MacKay Park, located on North Van Brunt Street, includes an ice hockey rink, a pool, a walking path, and athletic fields.

Flat Rock Brook Nature Center, located at 433 Van Nostrand Avenue, is made up of the remnants of the Palisades Forest. The center, established in 1973, is a 150 acres preserve and education center that includes 3.6 mi of walking trails and several gardens including the newly renovated Butterfly Garden. Flat Rock allows visitors to learn about the natural ecosystem preserved in the park through exhibits and tours available year-round.

==Government==

===Local government===

In 1980, Englewood switched from a Mayor-Council form of government to a modified Council-Manager plan of government in accordance with a special charter granted by the New Jersey Legislature. The city is one of 11 municipalities (of the 564) statewide that use a special charter granted by the Legislature. The governing body is comprised of the Mayor and the City Council. Under this charter, the mayor has powers to appoint and veto, while the council functions as a legislative body, with some power to appoint and confirm appointments. The city is divided into four wards which are approximately equal in population. The City Council includes five members, each elected for a three-year term. Four are elected from the individual wards in which they live and the other is elected by a citywide vote as an at-large member. Administrative functions are responsibilities of the City Manager. The six seats in the governing body are elected in a three-year cycle as part of the November general election, with wards two and four both up together, followed a year later by wards one and three, and then the at-large council and mayoral seats.

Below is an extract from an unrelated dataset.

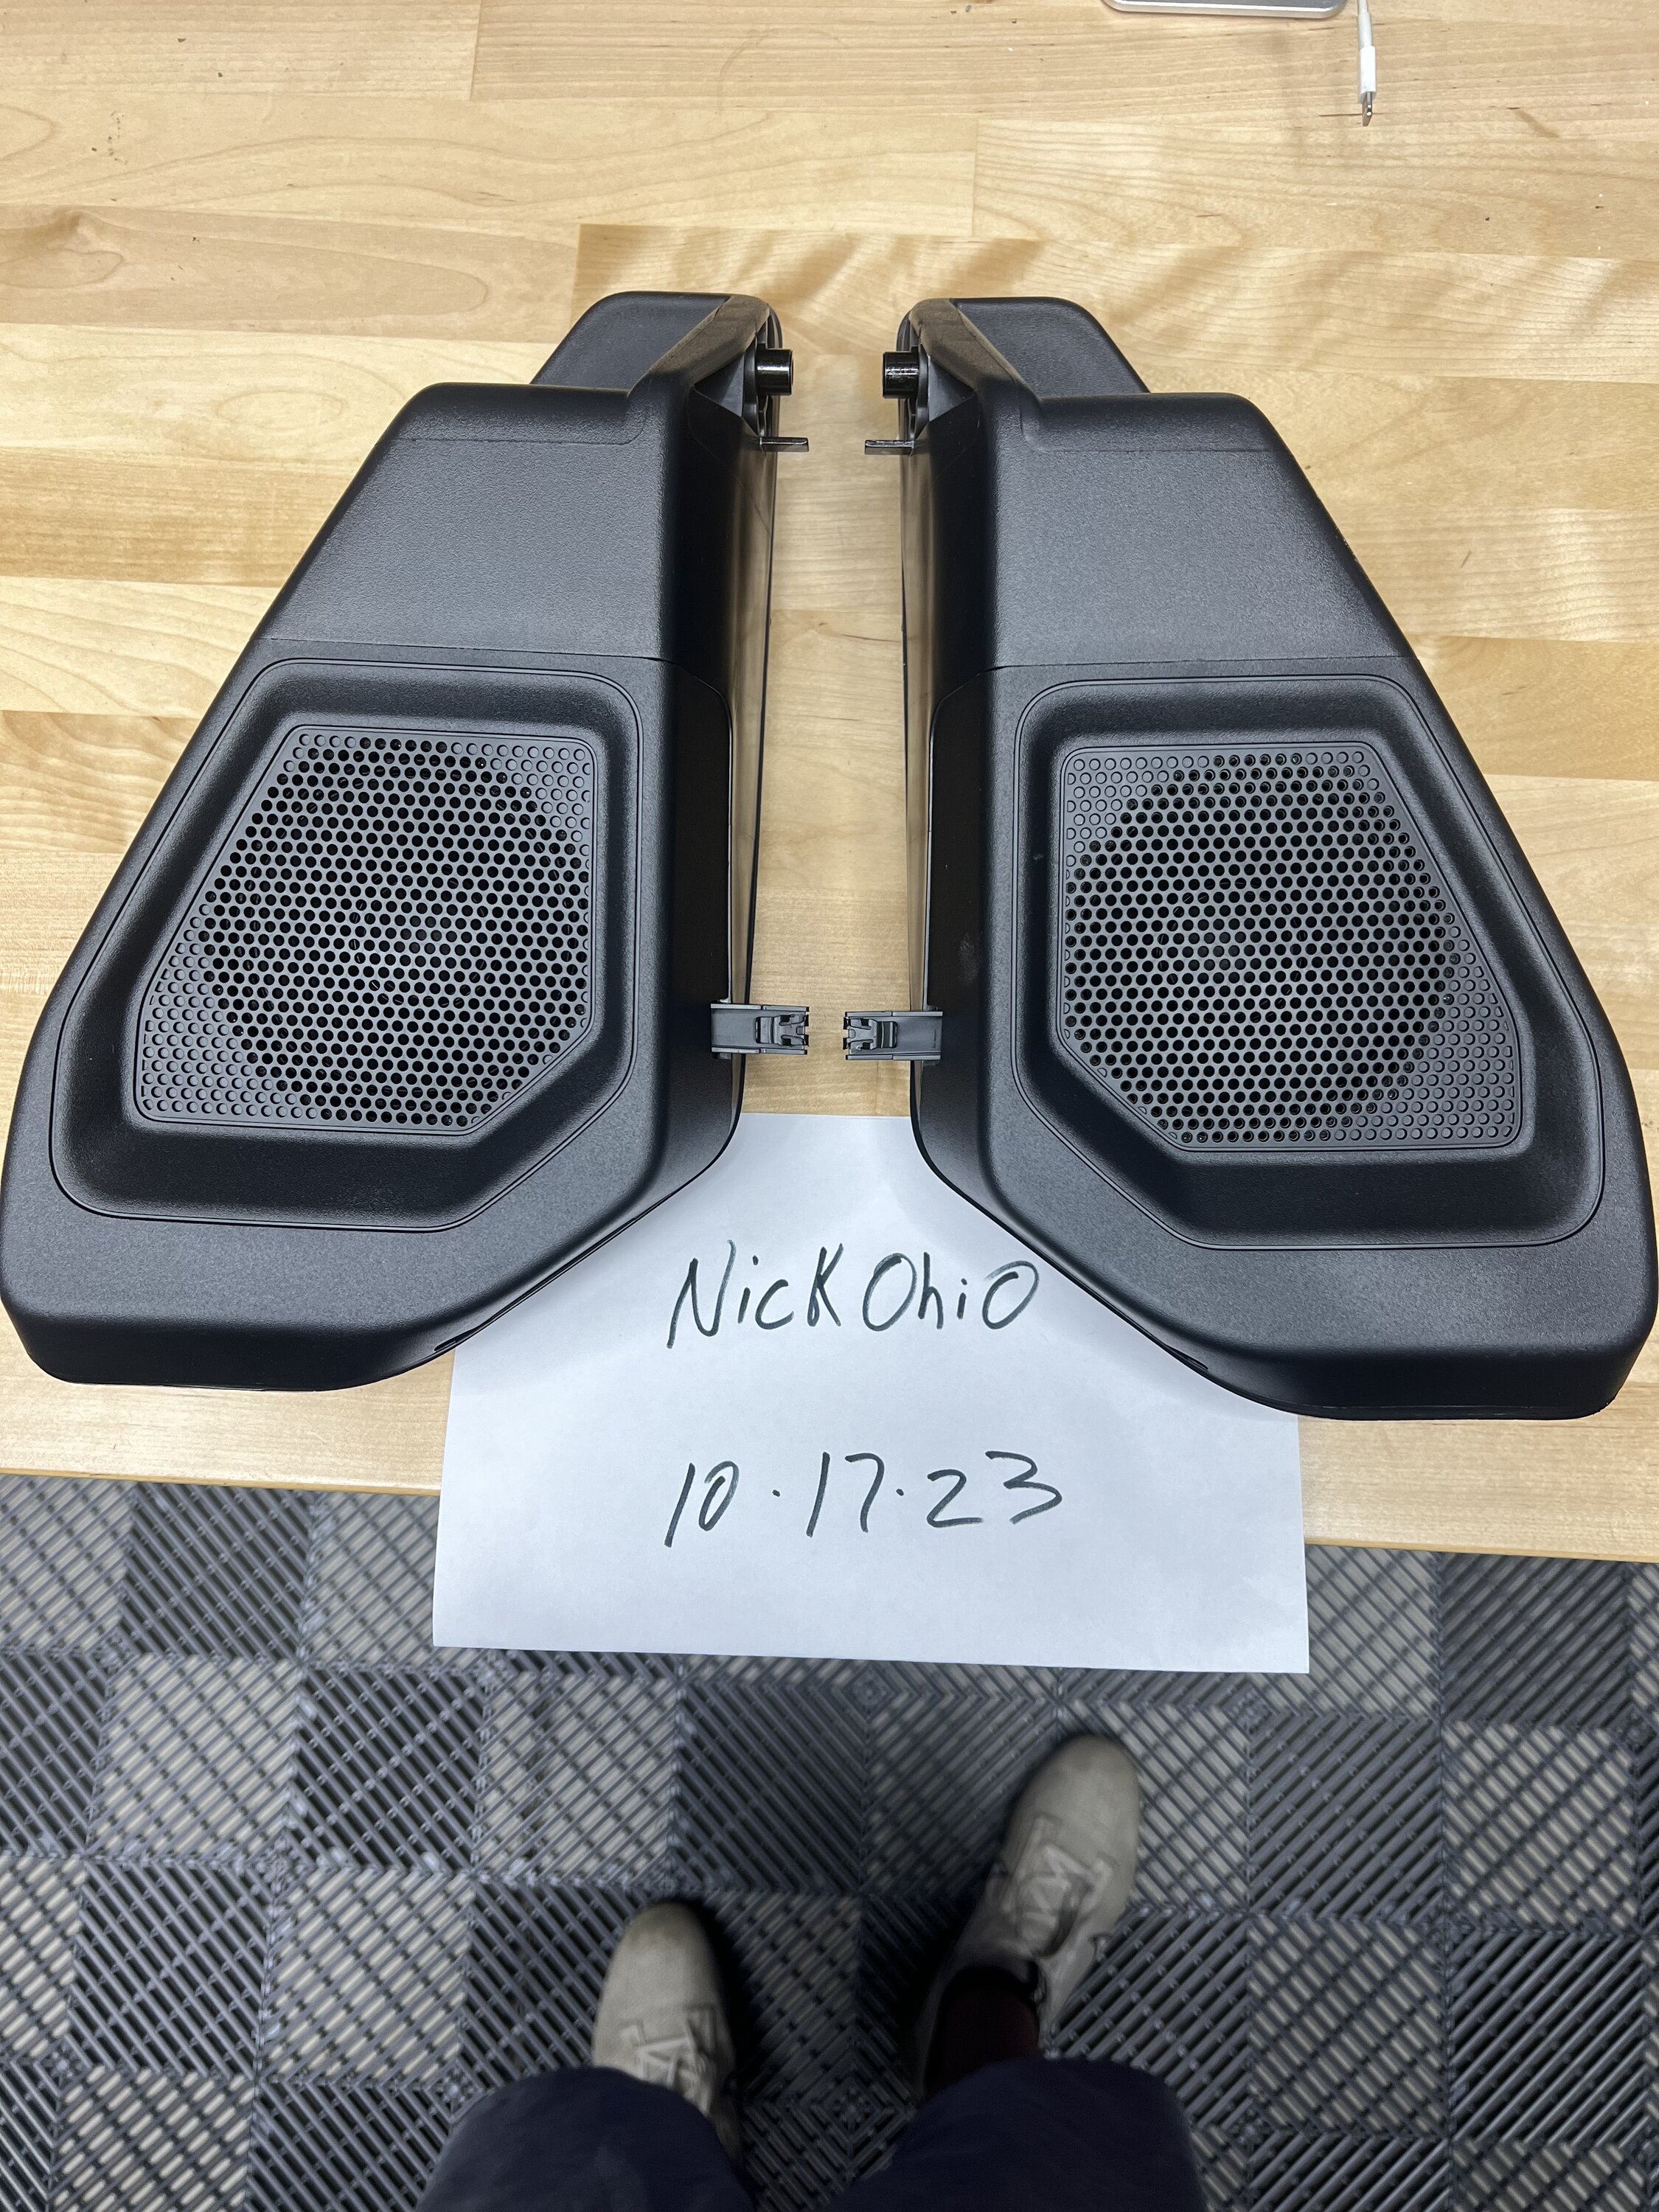 Ford Bronco B&O Speakers, barely used - $50 for all tempImagenDYGNZ

Each ward votes in two of the three years in the cycle, once for its ward seat, in the other year for the two positions voted at-large and one year with no election.

The mayor appoints members to the Planning Board, the Library Board of Trustees, and, with council confirmation, the Board of Adjustment. The mayor serves on the Planning Board. The mayor attends and may speak at council meetings, but only votes to break a tie for passage of an ordinance or resolution. The mayor has veto power over ordinances, but can be overridden with votes from four council members. The City Council is the legislative branch of government, deciding public policy, creating city ordinances and resolutions, passing the city budget, appropriating funds for city services, and hiring the City Manager. The City Council meets generally four times per month (except during summer months).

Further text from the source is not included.